Center for Clinical Research and Evidence-Based Medicine, McGovern Medical School at The University of Texas Health Science Center at Houston, Houston, Texas.


Objective To compare the neonatal morbidity and mortality among small-for-gestational-age (SGA; birth weight < 10% for estimated gestational age [EGA]) versus appropriate-for-gestational-age (AGA; birth weight at 10-89%) newborns. Methods Data from nine Maternal-Fetal Medicine Units Network studies were used and included nonanomalous singletons at 24 weeks or more and birth weight < 90% for EGA. Using multivariable analysis, we compared the morbidity and mortality between SGA and AGA. Random-effect logistic regressions were utilized with adjustment for 10 variables.

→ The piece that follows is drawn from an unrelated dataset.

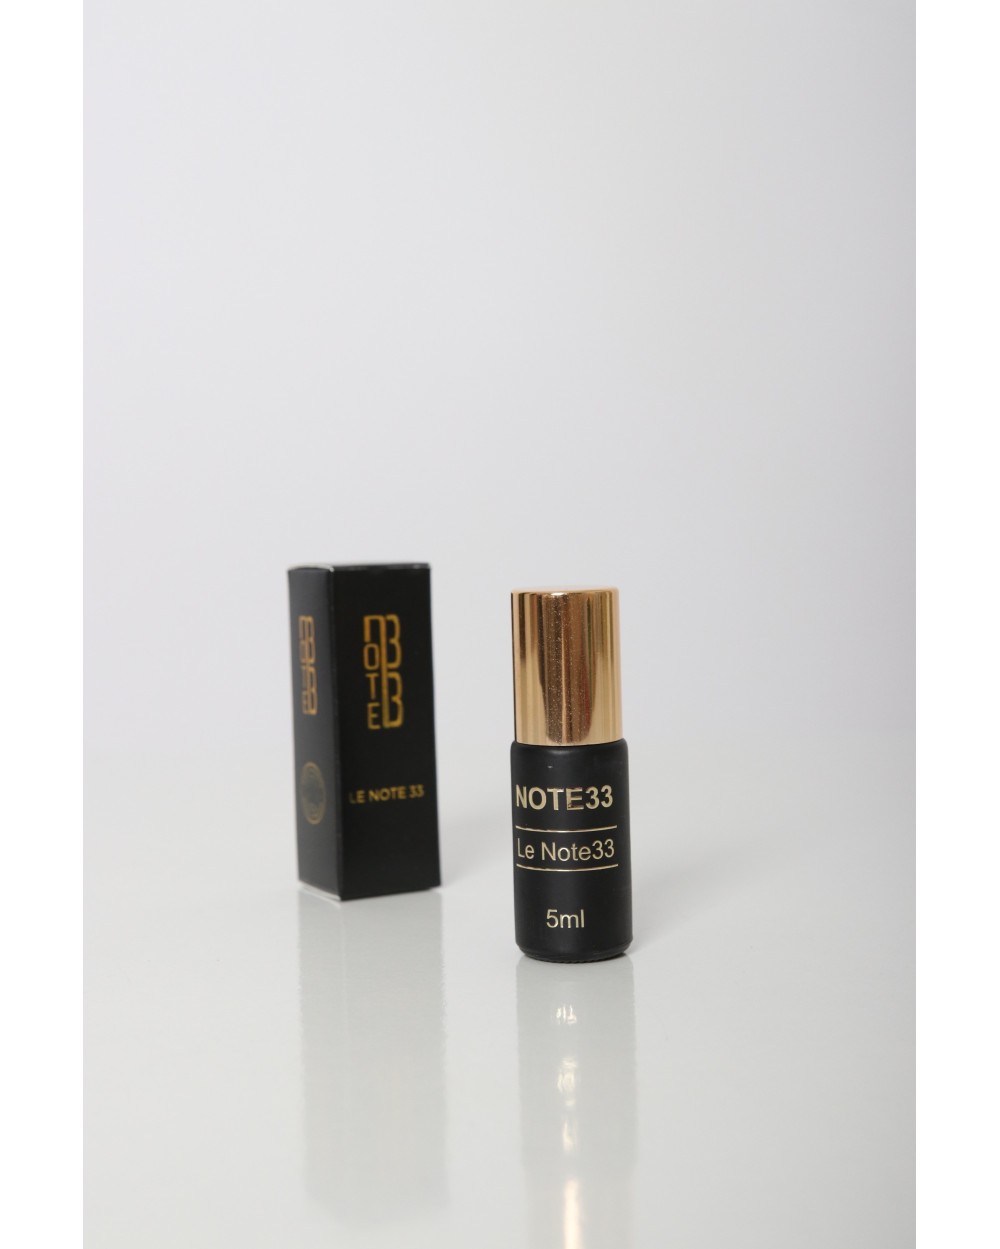 Perfume "note 33" Musk 5ml roll on
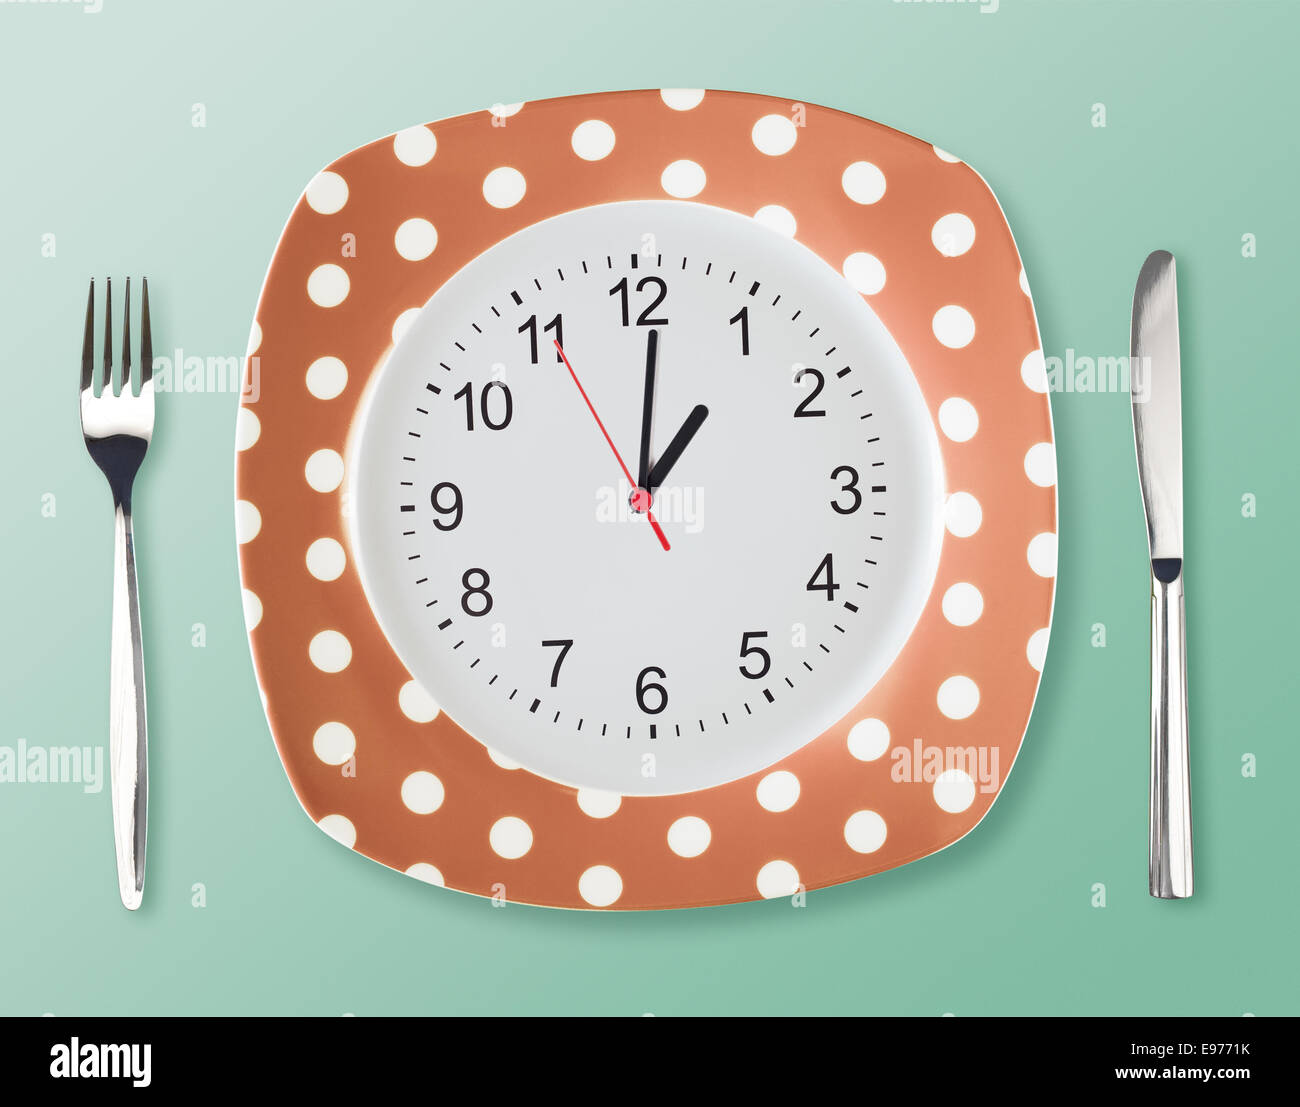 Dinner plate retro style with clock face fork an tableknife Stock Photo

Results Among the nine studies 71,744 singletons met the inclusion criteria, with 13% (n = 9,415) SGA and 87% (n = 62,329) AGA. Among SGA, the likelihood of stillbirth (8.8 vs. 2.5 per 1,000 births; adjusted odds ratio [aOR] 3.98, 95% confidence interval [CI]: 2.92-5.42) and neonatal mortality (14.0 vs. 5.5 per 1,000 births; aOR 3.18, 95% CI: 2.55-3.95) was threefold higher compared with AGA. For the subgroup of newborns of EGA of 32 weeks or more, SGA, compared with AGA, had significantly higher risk of stillbirth (aOR 3.32, 95% CI: 2.16-5.12) and neonatal mortality (aOR 2.50; 95% CI: 1.38-4.54). From 35 weeks onward, the risk of stillbirth among SGA is almost four times higher than for AGA. Conclusion The risk of stillbirth and neonatal mortality is significantly higher with SGA than with AGA. Modification in practice or new management schema may be warranted.